The hit of the meal at Table One was the Rainbow Salad (Double skin), a mix of warm and cold goodies in a mustardy dressing. Warm and cold pork, wide translucent mung beans, carrots, cucumbers, tofu strips, shrimp and fungus provided a delightful crunchy mix of flavors and textures.

Five out of eight of us at Table One bought extra double skin to take home. Unfortunately it doesn’t travel that well. After a few hours in my fridge the mung beans hardened and stuck together in a mass. Tossing it as soon as I got it would have helped keep the noodles separate.

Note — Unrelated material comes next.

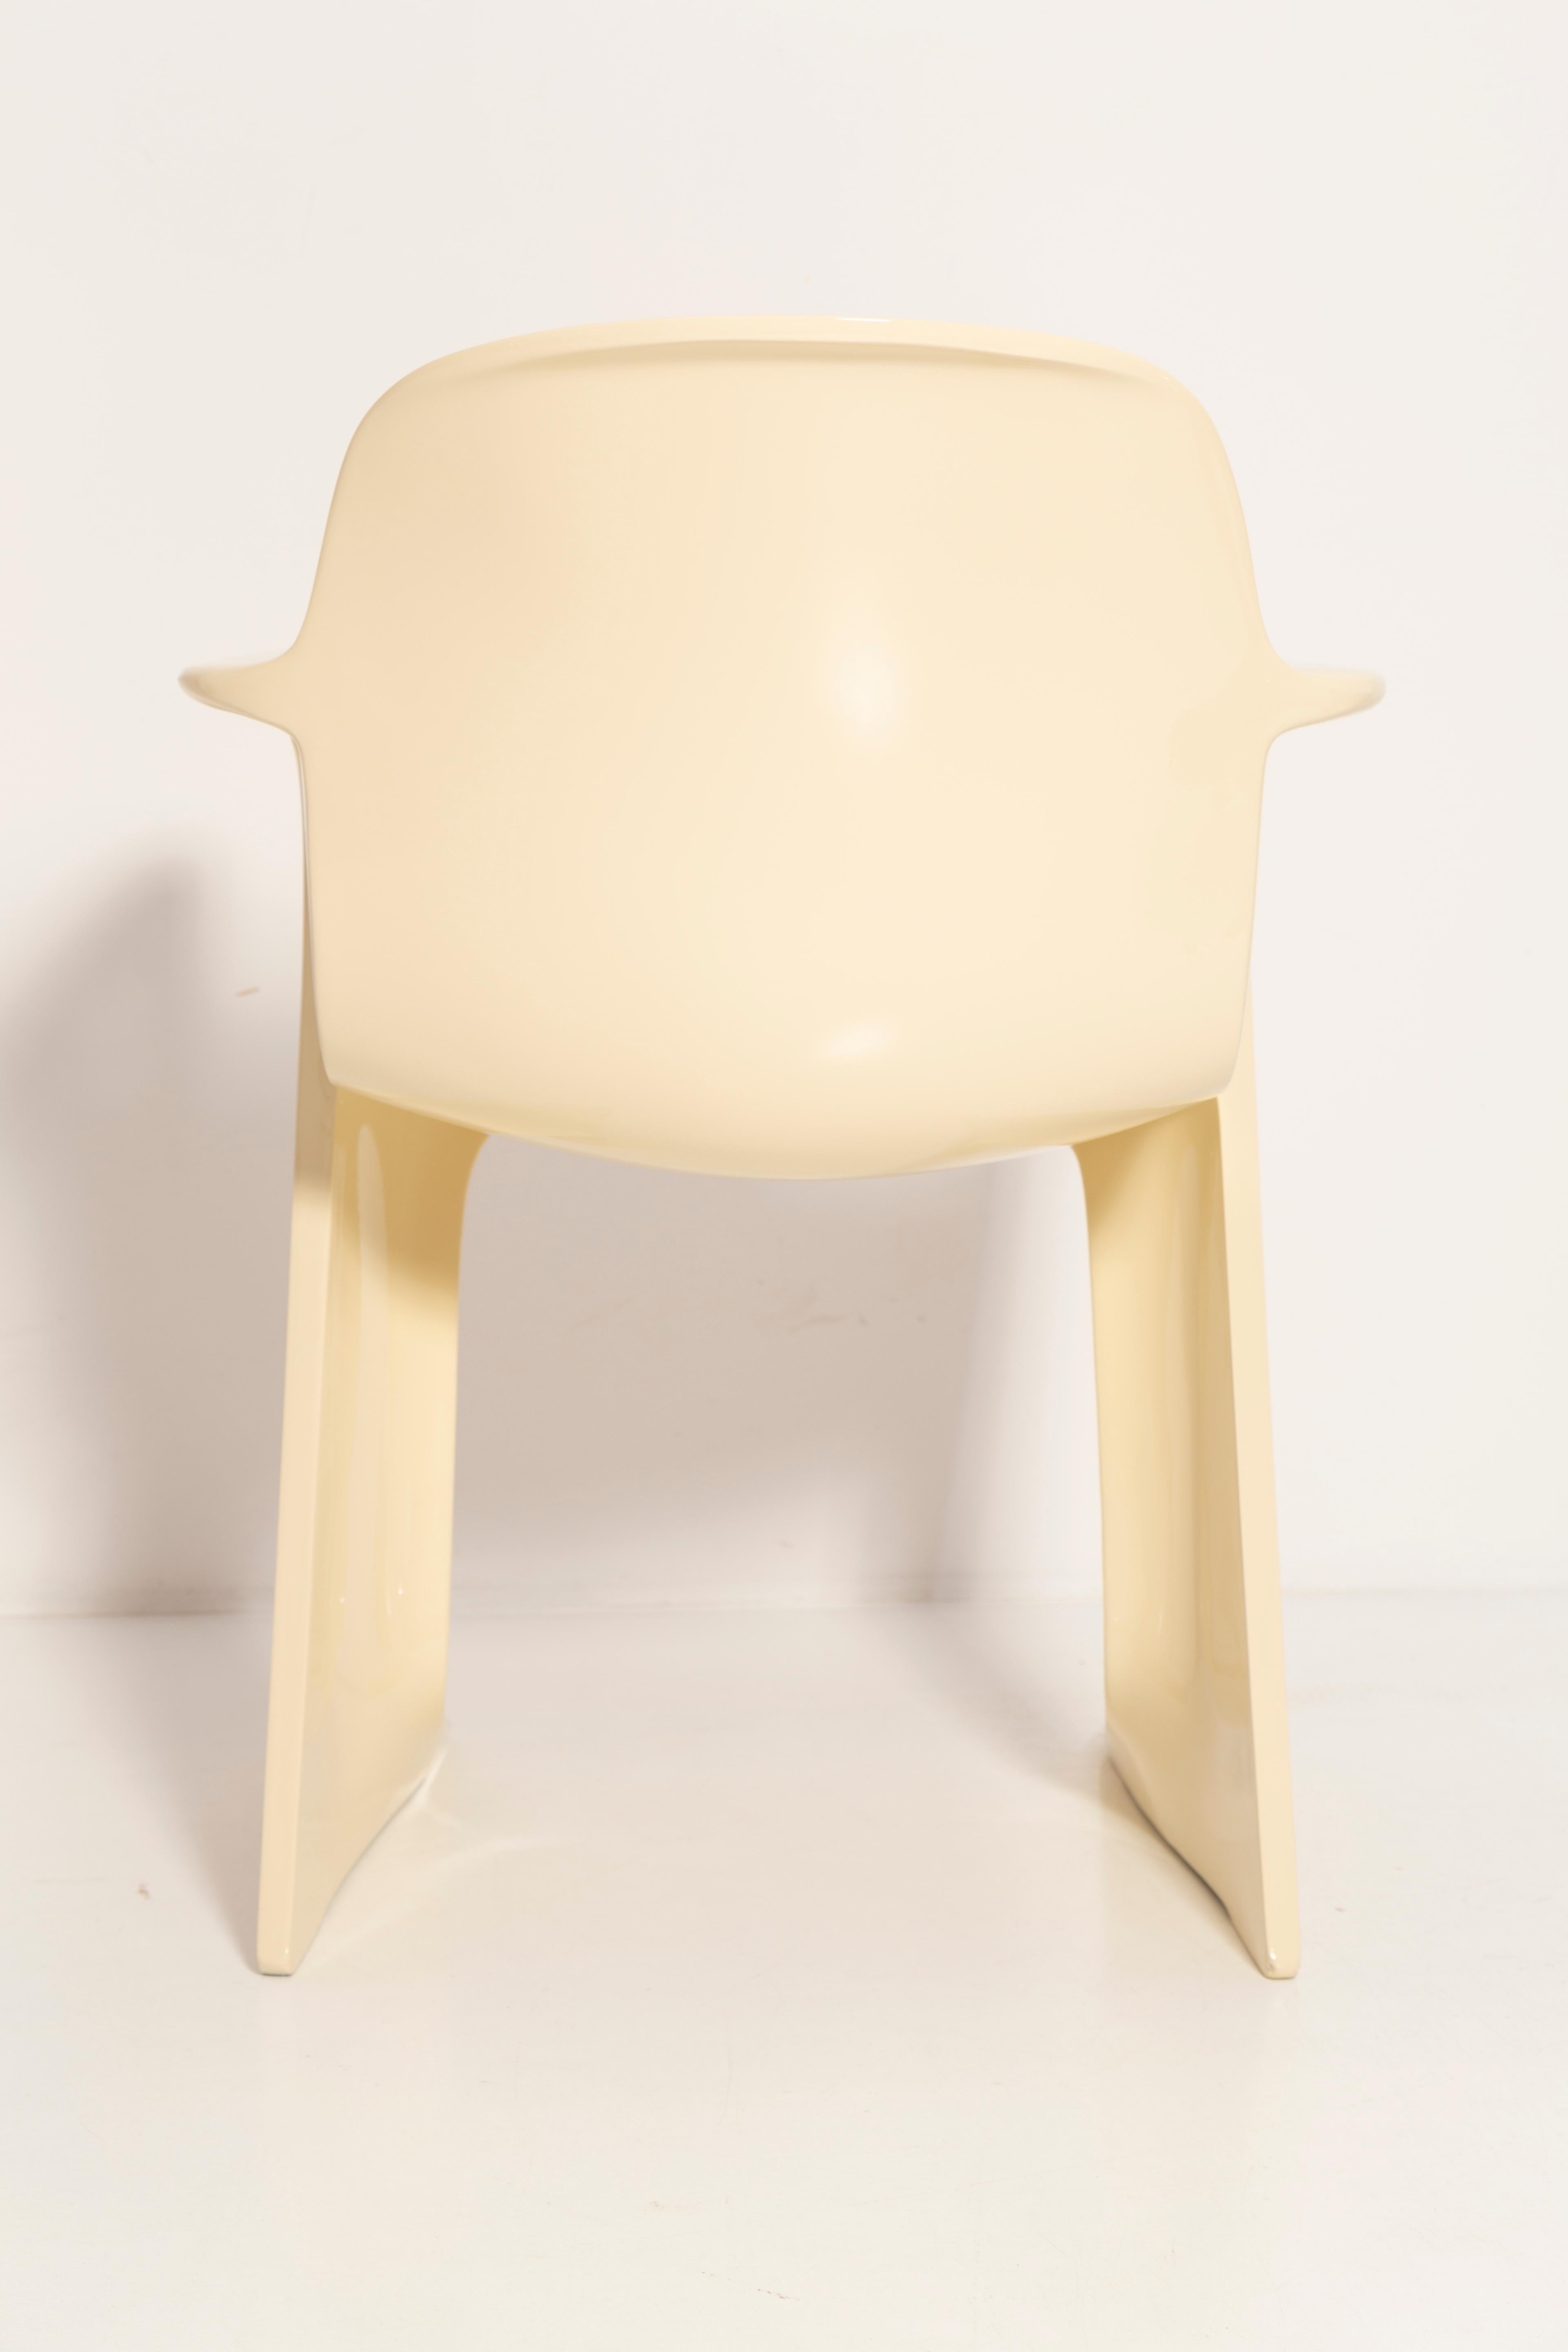 Pair of Mid-Century Light Beige Kangaroo Chairs, Ernst Moeckl, Germany, 1968 For Sale 6
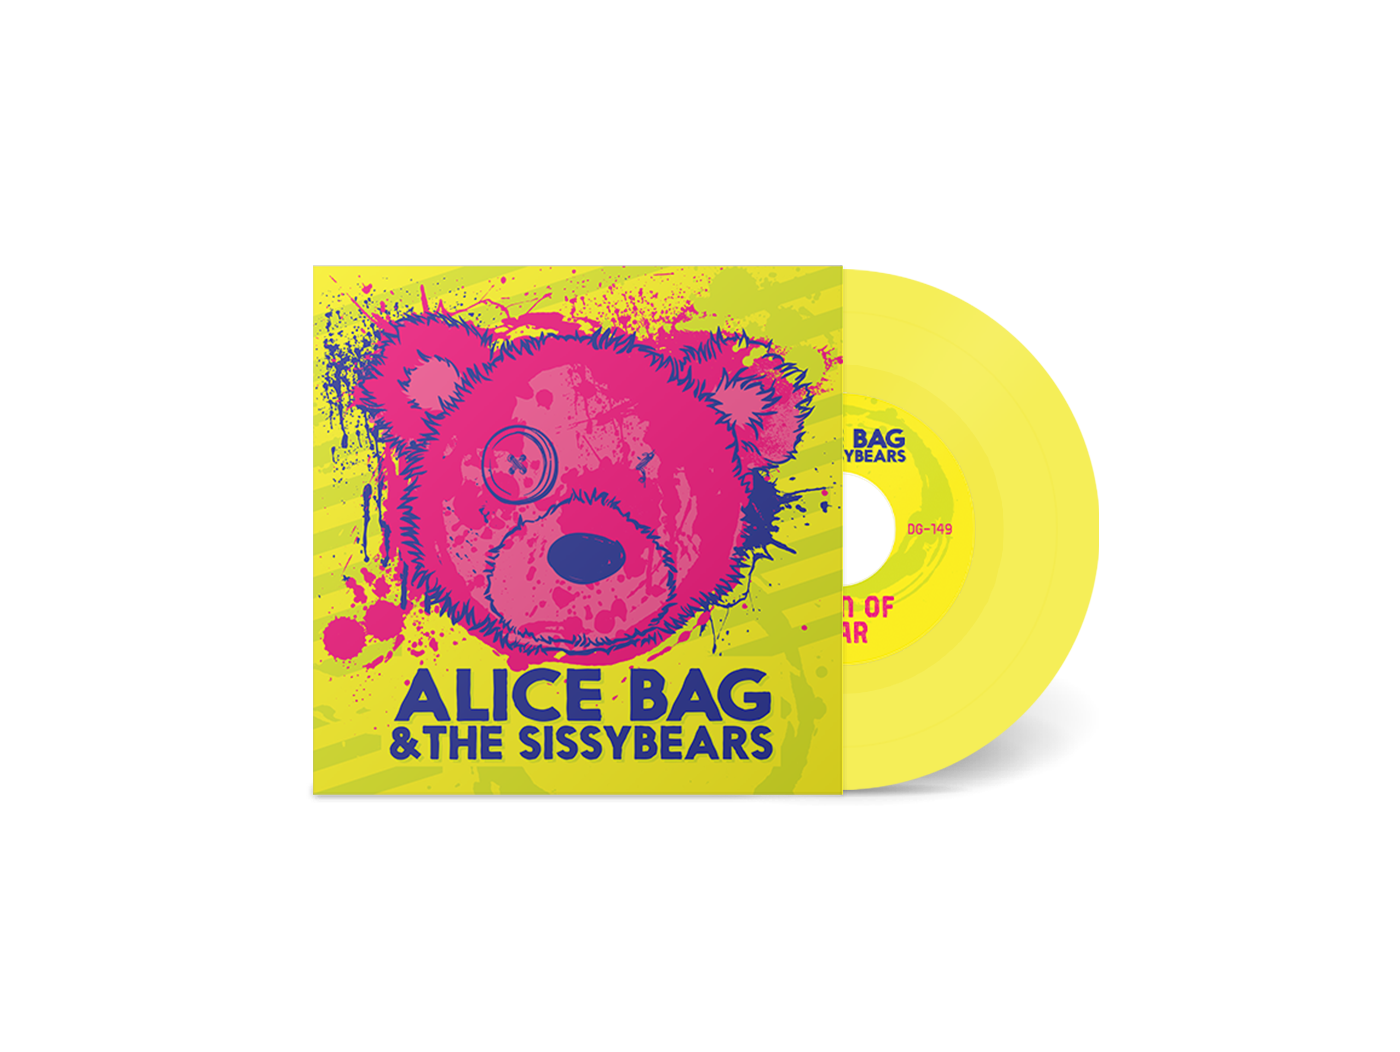 Alice Bag "Alice Bag & The Sissybears" 7"

The Thousand-chili fish filet was also a big hit, with a wonderfully flavorful chicken broth.

One of the dishes from Table Two (I think it was the Mouth-watering chicken) had a really nice red oily sauce and lots of Szechuan peppercorn tingle.

All of the above were truly excellent. I also liked the above-average cumin lamb. I’m not a big fan of the crispy lamb skewers that often just seem dried out to me, but this dish with tender thin slices of lamb was very satisfying.

Most of the rest of the dishes were pretty good but nothing special.

I thought the Sea Bass was muddy, though nicely cooked with a decent sauce.

The cucumber in the appetizers were sliced in thick pieces which prevented the sauce from mixing with the mass of plain cucumber. I prefer cucumber smashed or thinly sliced to allow flavors to penetrate.

The pigs’ ears and beef tendon weren’t bad, but not as good as most I have had. I prefer the versions at Town of Dumpling in San Carlos or I-Dumpling in RWC. Terra Cotta Warrior in SF has great pig’s ears.

Melanie’s Riesling was a great choice for the cuisine, able to stand up to the bold flavors.

All in all it was a very satisfying meal with some real standout dishes. Thanks to Ernie for organizing and to everyone for the enjoyable company.

Oh major bummer Charliemyboy… You just learned a lesson that I learned many years ago: you can’t refrigerate a dish like that or, as you experienced, the noodles harden into an inedible substance :frowning: Same thing happens with mochi…

It was great to meet so many people who had just been screen names for me before. Thanks Ernie for organizing this.

All the food was very good but 3 dishes made be stop and go WOW. The spicy charred cabbage - sweet and smoky, spicy chili pepper (1000 chilies) fish fillet soup - the broth was outstanding, and the rainbow salad - the dressing sang of hot mustard.

I’d love to go back to try more of the menu, the UMAMI frog is calling me.

The mung beans were fine in my Rainbow Salad take-home. I suspect that it’s because rwcfoodie and I split one order - the noodles were tossed with the other ingredients before dividing into two boxes. No clumps.